Тохтамышев возбуждённо расхаживал взад-вперёд по своему служебному кабинету, нервно потирая потеющие ладони. Долго планировавшееся им безрассудство, которое либо погубит его, либо сделает счастливейшим из смертных, вплотную приблизилось к своему осуществлению, и на сегодняшний день всё складывалось как нельзя удачнее: те, кто мог реально помешать задуманному, устранены. Мальчишки – эти зелёные-незрелые женишки Гульнары и Динары – пропутешествуют по подаренным им путёвкам неделю, не меньше. Бандюги Валеджана – тоже долго не будет. Матери девчат Тамарке-шофёрке (будущая тёща, говорят, тоже о-очень недурна собой…) он сумел организовать с помощью своих знакомств дальнюю и долгую рабочую командировку. И, наконец, себе обеспечил стопроцентное алиби – оформил, как положено, служебную поездку в Москву на всю ближайшую неделю для участия в качестве делегата от республики в столичных праздничных торжествах.

В общем, всё по всем видимым параметрам шло пока гладко.

Когда он вернётся из Москвы, начальная часть главного этапа операции уже завершится: обе кандидатки в его жёны будут в надёжном месте под неусыпной охраной. И – в полной изоляции друг от дружки, ведь поодиночке покорить их будет значительно легче. А когда покорятся каждая в отдельности, то в одну прекрасную ночь сбудется, наконец, мечта, снедавшая всё его существо последние два года – эти боготворимые им нежные прелестные существа, обе одновременно с двух сторон лягут с ним, Баймуратом, в супружескую постель… о-о-о…

 

При мысли об этом, заранее сводящем его с ума блаженнейшем моменте, руки Тохтамышева начинали непроизвольно чесаться, пот струился по телу ручьями, в глазах темнело. И одновременно откуда-то сзади, из-за спины, назойливо наползало гадкое чувство, похожее на страх. Но Тохтамышев – не трус. Он – один из хозяев этой грешной жизни. А хозяину дозволено многое, в том числе и относительно тех сторон жизни, которые не совсем умно регламентируются несовершенными законами некоторых стран, в частности – родной советской.

Ну, куда, скажем, годится – в который уже раз с момента знакомства с близняшками возмущался Баймурат-ака – этот государственный запрет многожёнства? Уж кто-кто, а он-то хорошо знал, что многие из тех, кто пишет и утверждает подобные нелепые законишки, имеют любовниц, да зачастую и не по одной, не удовлетворяясь быстро приедающимися ласками единственной разрешённой этими так называемыми нормами права женщины – жены.

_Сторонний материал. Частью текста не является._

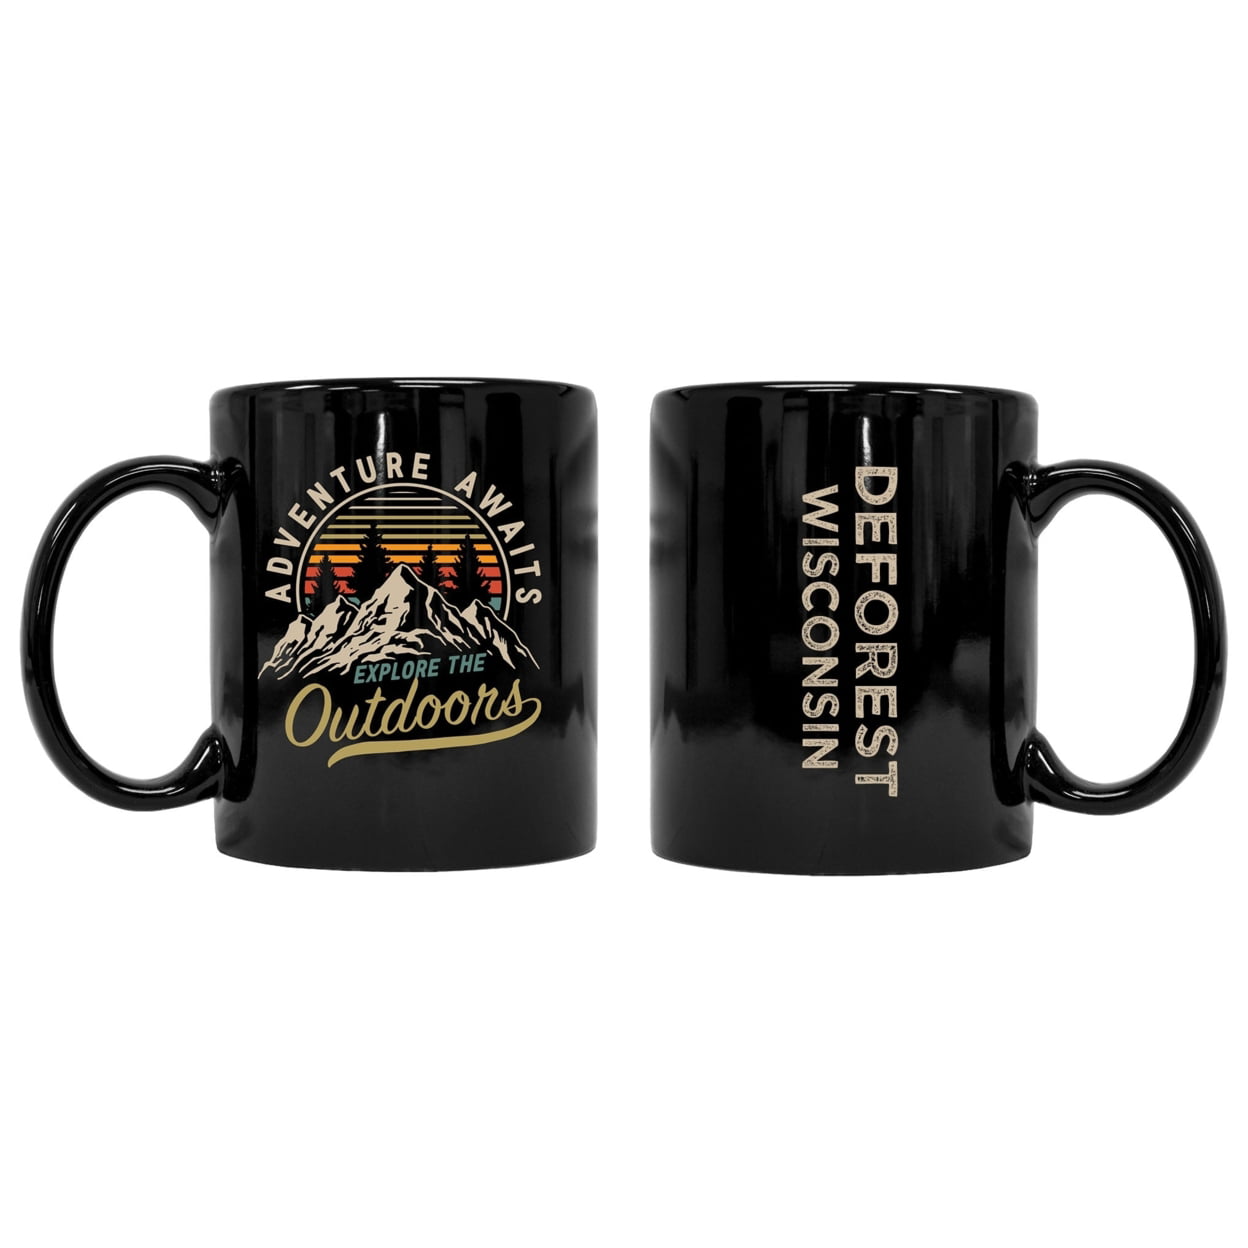 Unbreakable Different- Print Coffee Mug With Handle, Great Gift For  Anyone-Special

А в таком случае… зачем вообще унижать мужское достоинство необходимостью получать тайные удовольствия? Почему бы не легализовать то, что всё равно, несмотря ни на какие запреты и наказания, хоть головы отрубай, существовало, существует и будет существовать всегда? Пробовал кто-нибудь посчитать, сколько по всей огромной нашей стране изнывает от тоски достойных лучшей участи незамужних женщин, для каждой из которых не только нормальных, а и завалящих мужей не хватает просто физически? Демографической ситуацией это, вроде, называется, шайтан её забери… эх!

Менее чем недельная командировка для Тохтамышева, отказавшегося в

ней от прежних привычных увеселений, длилась на этот раз нестерпимо долго. Он еле дождался посадки в самолёт обратного рейса. Прилетев в Ташкент, отправил встречавшего его водителя погулять-поразвлечься и добираться потом домой пассажирским транспортом, сам сел за руль служебной «Волги» и помчался на предельной скорости в сторону Самарканда, недалеко от которого в глухом горном селении ждёт Баймурата близкое уже, выстраданное счастье.

Но… только вот – счастье ли? Вчера в ходе телефонного разговора со своими помощниками, на которых была возложена миссия по пленению вожделенных близняшек, он всем своим нутром почуял, что те чего-то недоговаривают. И в душу с каждым часом всё настырнее лезло тревожное предчувствие беды.

Собственная интуиция всегда верно служила своему хозяину Тохтамышеву. Не обманула она его и на сей раз. Оказалось, что во время поездки по окольным дорогам к месту их первоначального пребывания в качестве пленниц, одна из сестёр (то ли Гульнара, то ли Динара – да не всё ли равно?) каким-то образом умудрилась бежать. Исчезла, как сквозь землю провалилась, и никто из похитителей этого даже не успел заметить. Похоже на глупость. Или Тохтамышева разыгрывают, делают из него идиота? Как это так: выезжали – их было две, а приехали – оказалась одна? Что за бред?.. Было от чего прийти в негодование.

В приступе бешенства он избил до полусмерти первого же, кто по его прибытии доложил о случившемся. С трудом переваривая в сознании эту недобрую весть, распорядился форсировать розыск беглянки, и так шедший полным ходом. Её сестрицу велел спрятать как можно дальше от ненужных свидетелей (и это было сделано также вовремя, до его приезда), и не спускать с неё глаз ни на секунду. И чтобы волосок не упал с её головы! А в случае очередной подобной осечки виновного ждёт верная смерть…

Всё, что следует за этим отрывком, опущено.